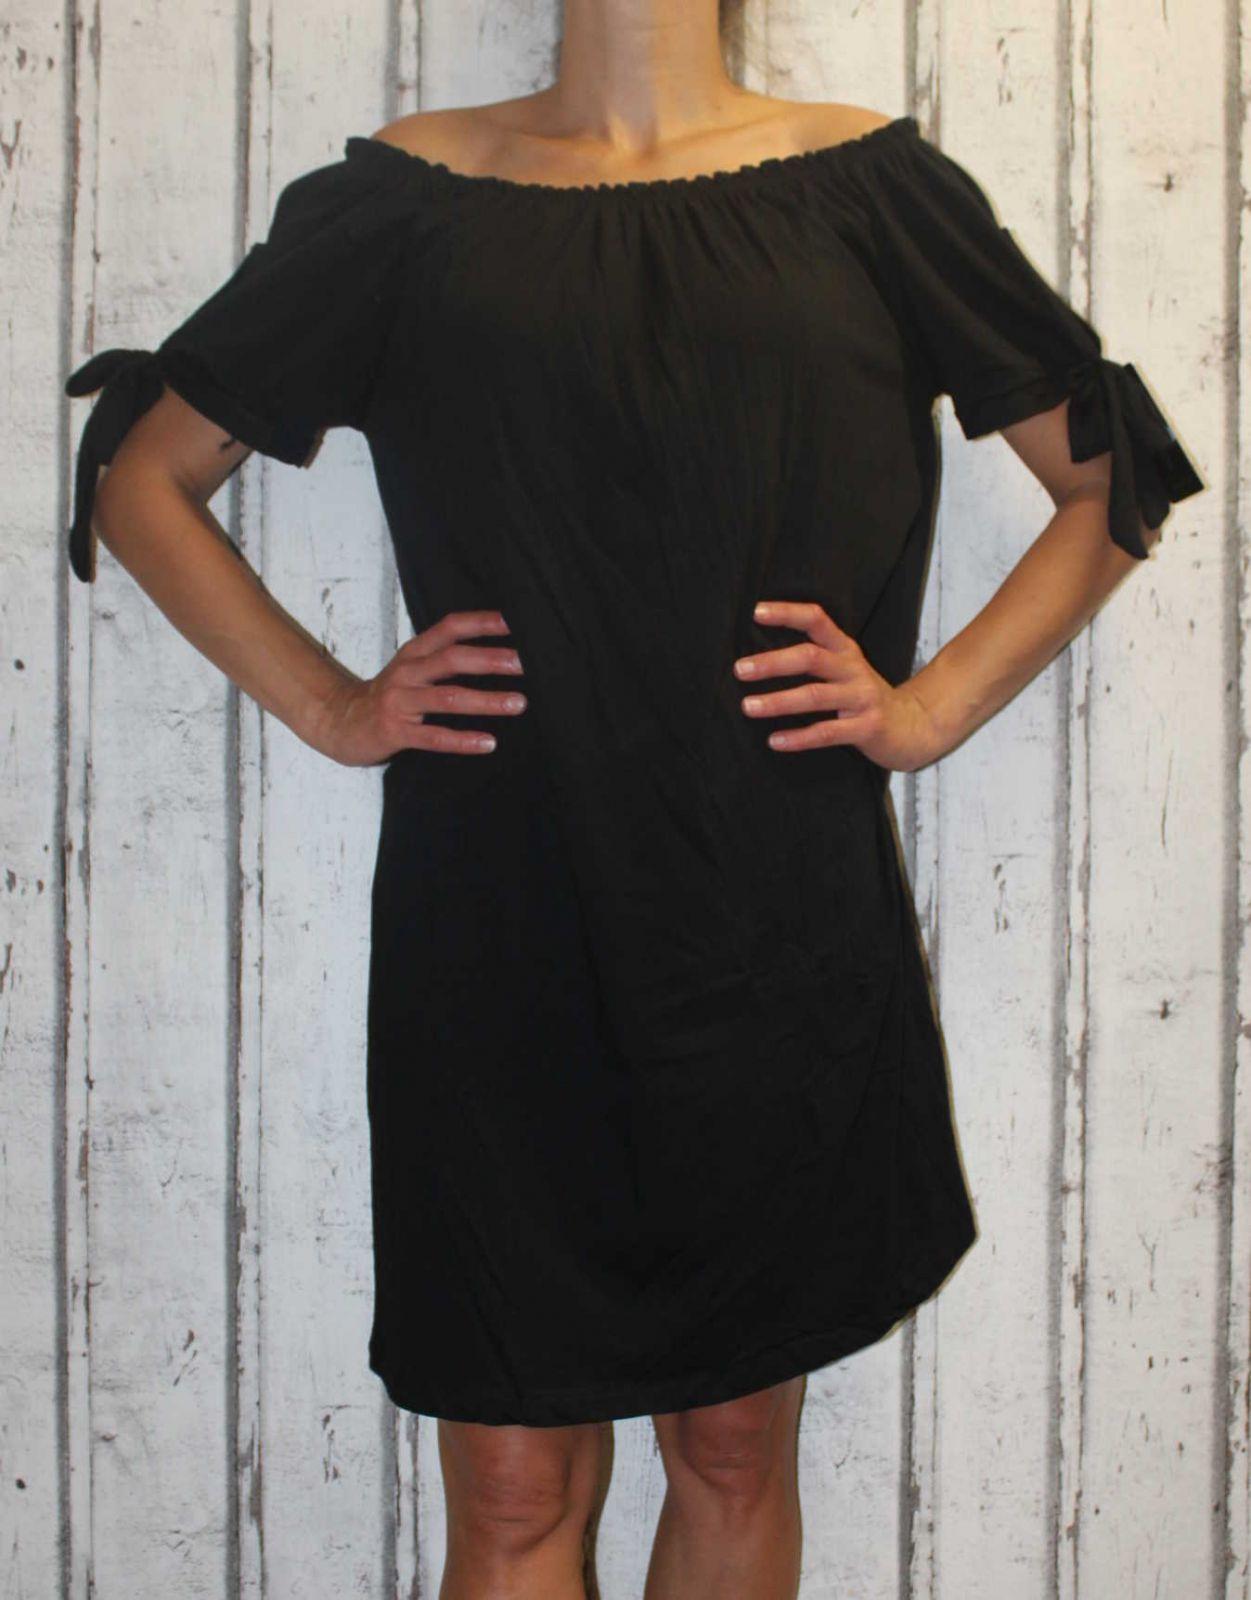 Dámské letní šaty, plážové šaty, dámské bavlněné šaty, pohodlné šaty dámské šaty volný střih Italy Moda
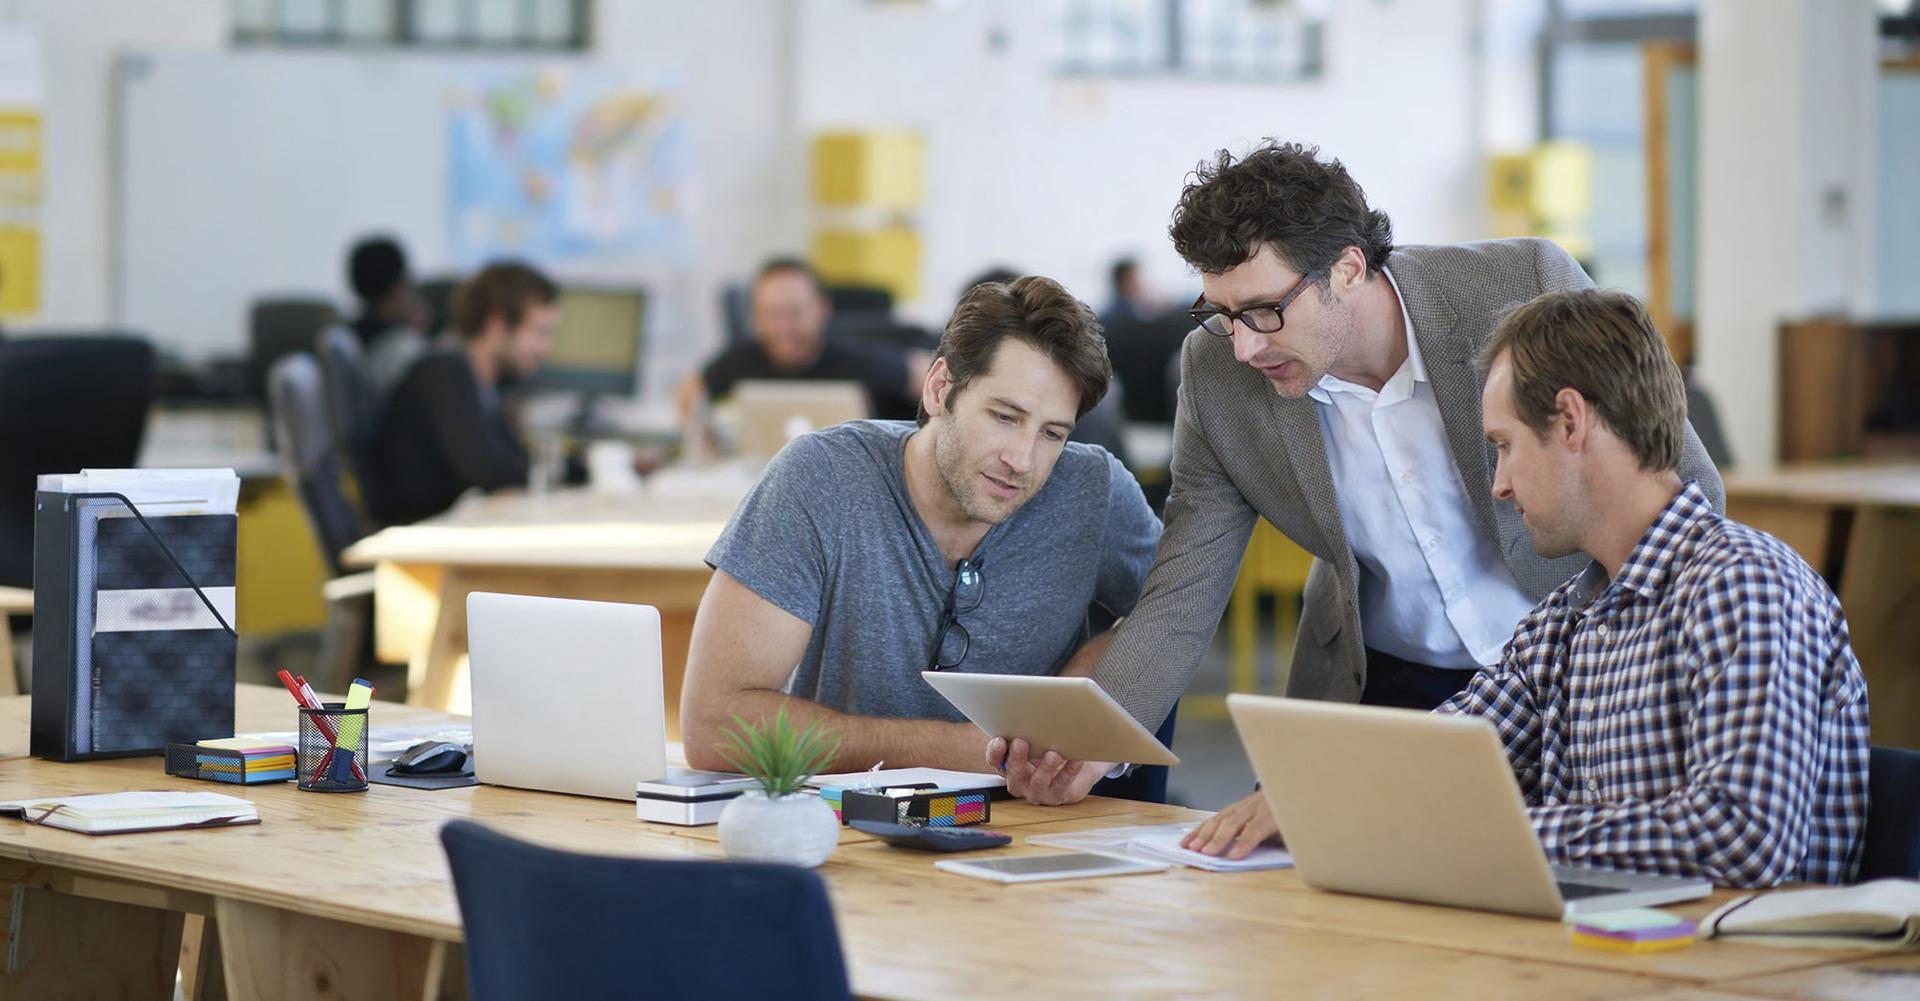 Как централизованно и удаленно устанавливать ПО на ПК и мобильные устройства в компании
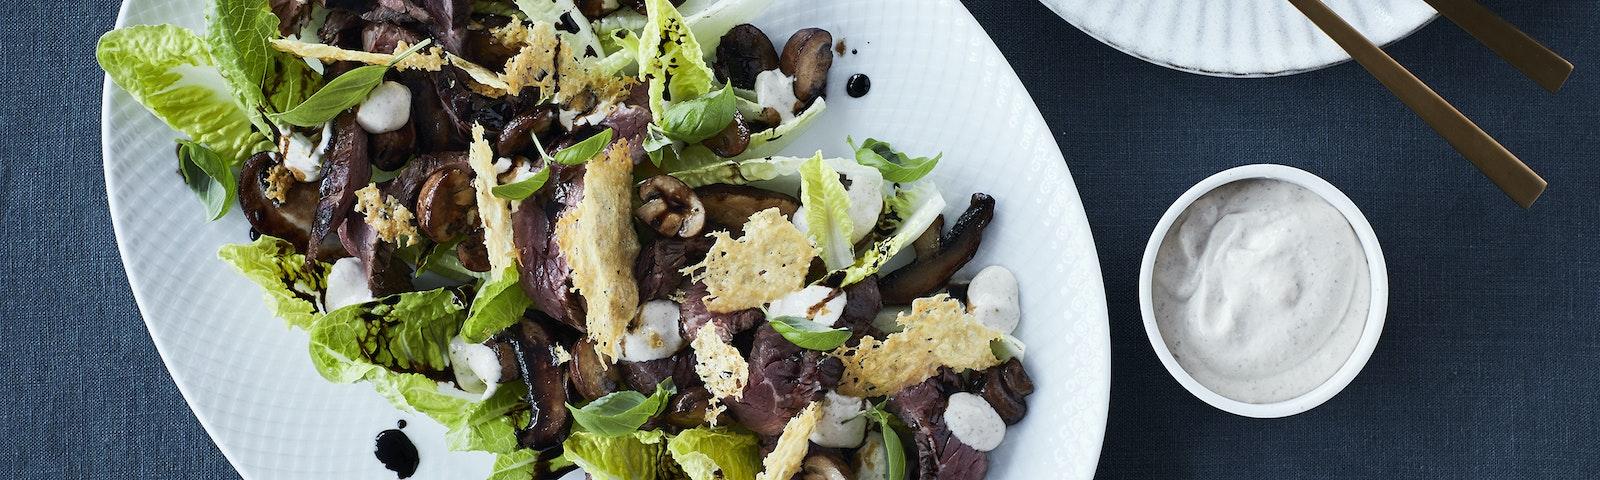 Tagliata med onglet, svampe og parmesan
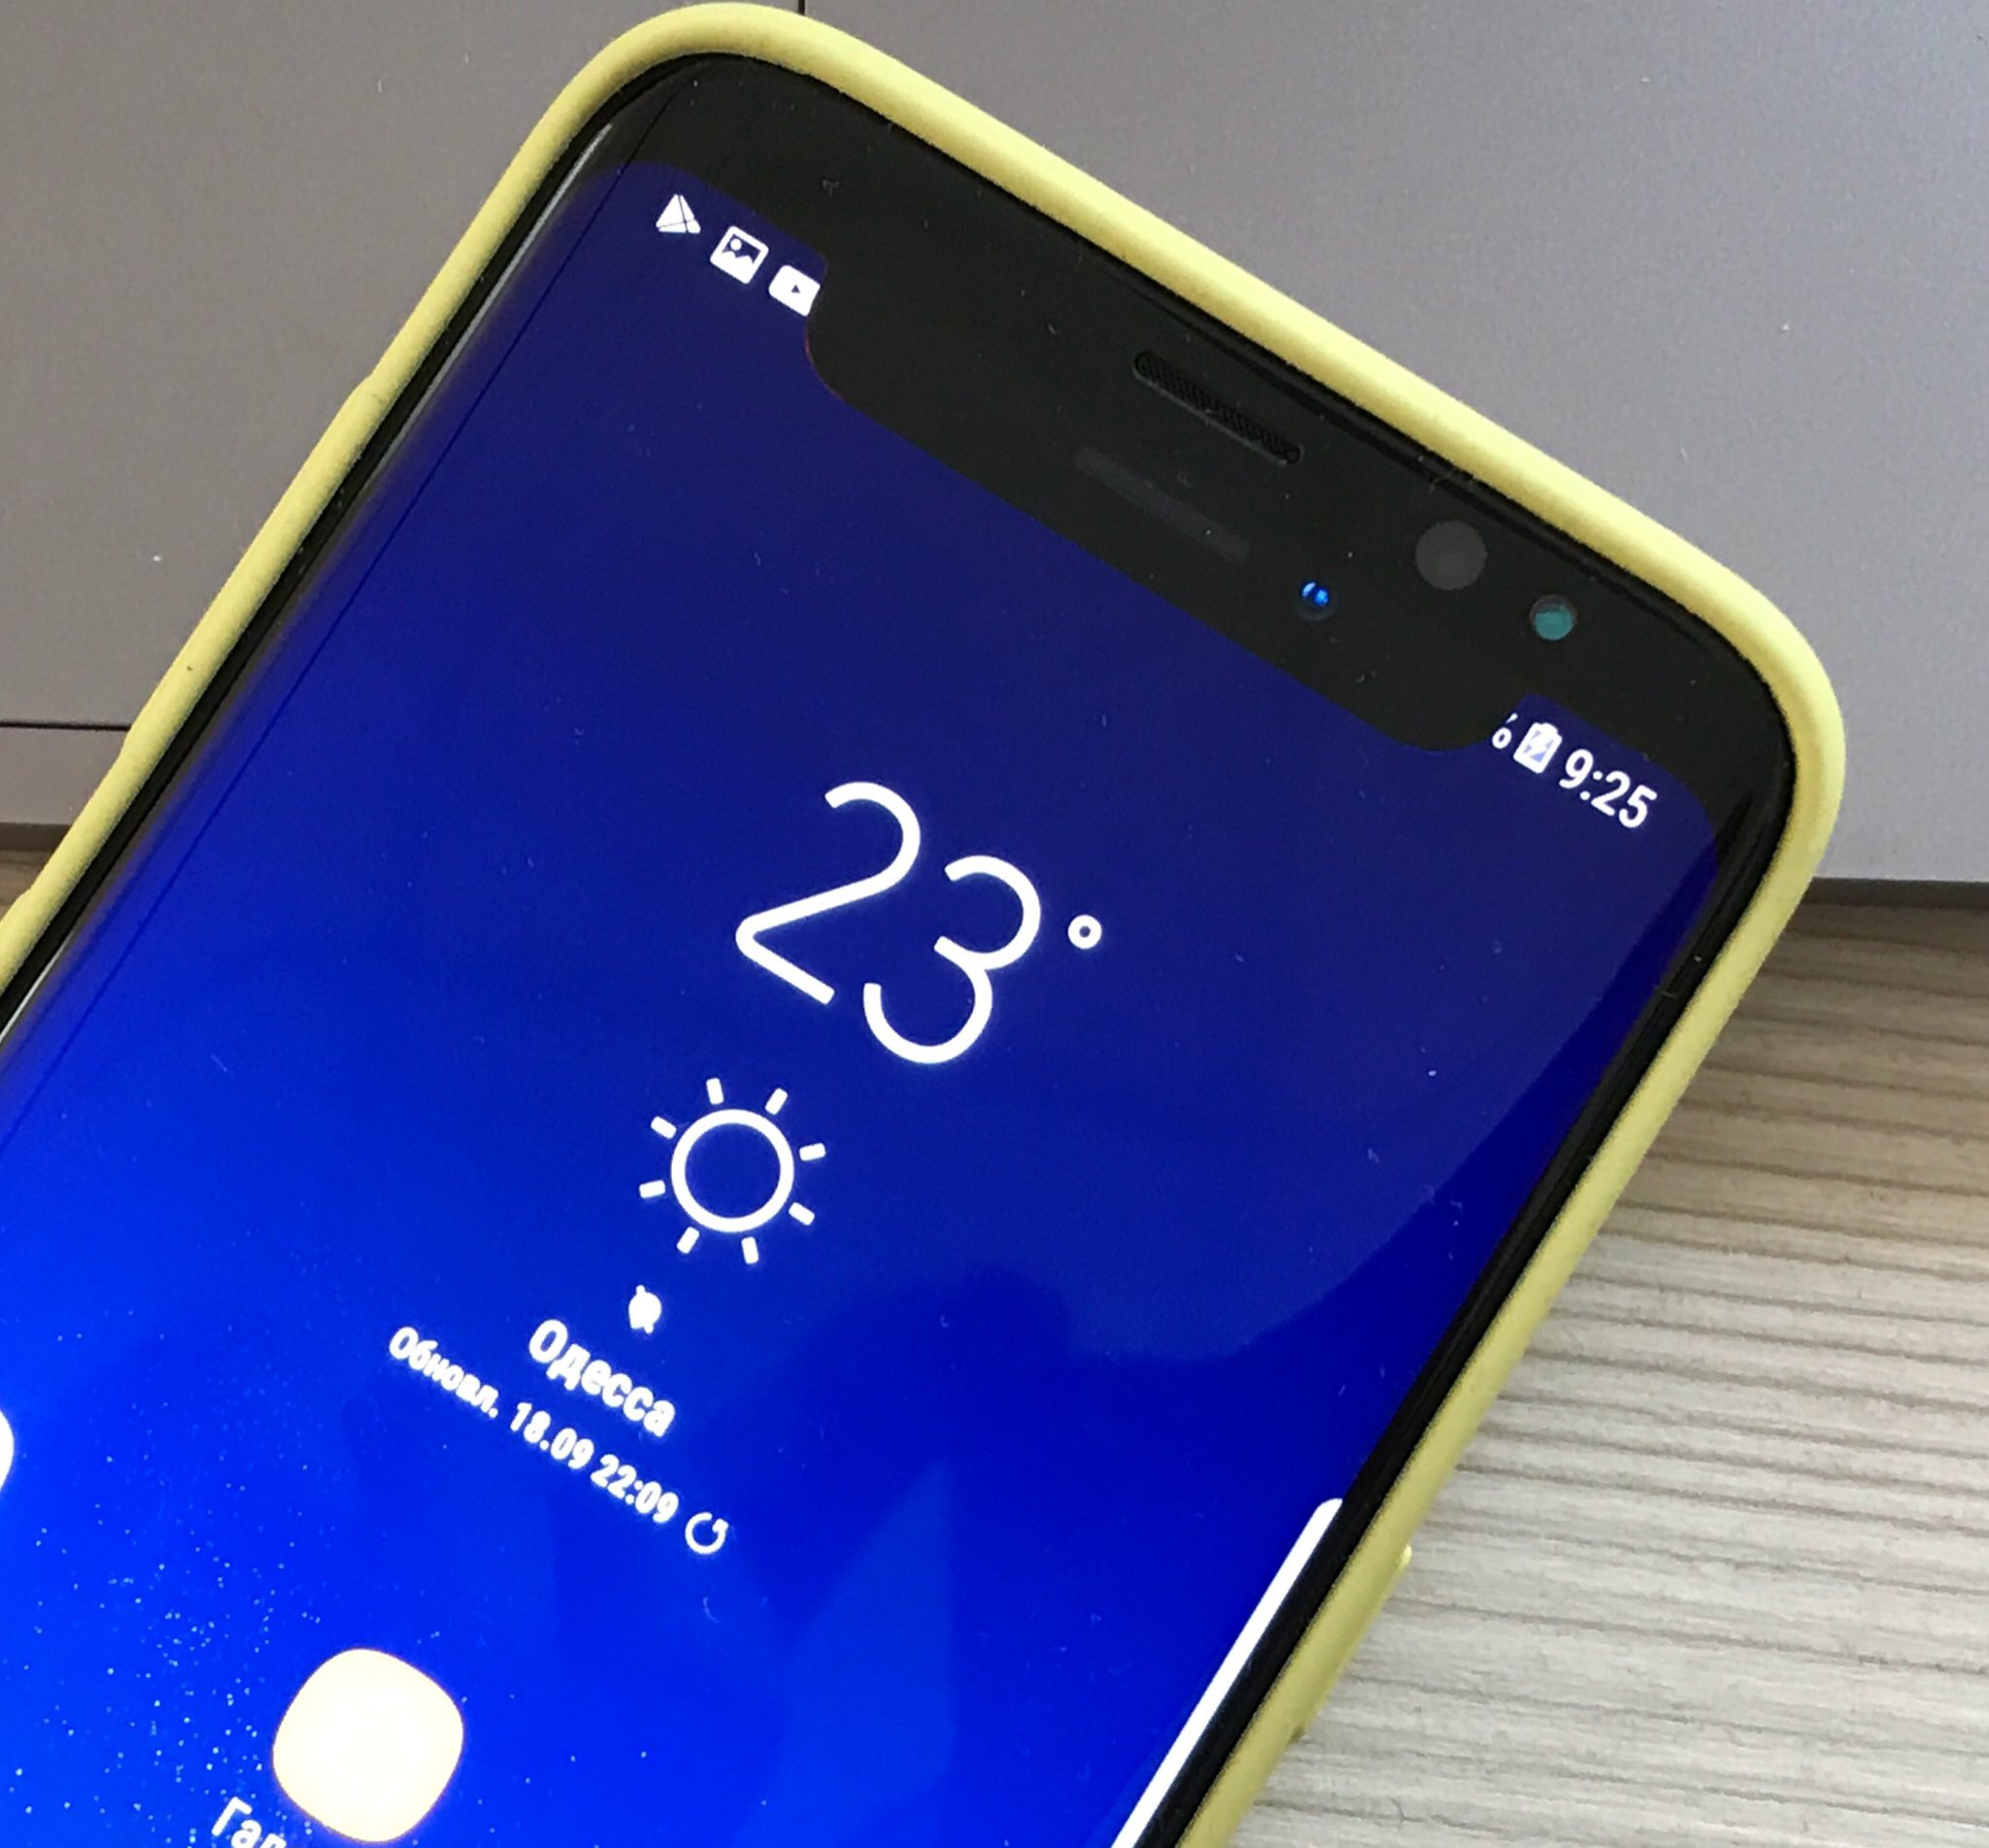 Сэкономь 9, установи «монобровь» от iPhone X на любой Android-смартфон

------

Please give all of the material again, exactly, without the images.

 Dámské letní šaty, plážové šaty, dámské bavlněné šaty, pohodlné šaty dámské šaty volný střih Italy Moda
 Как централизованно и удаленно устанавливать ПО на ПК и мобильные устройства в компании
 Tagliata med onglet, svampe og parmesan
 Сэкономь 9, установи «монобровь» от iPhone X на любой Android-смартфон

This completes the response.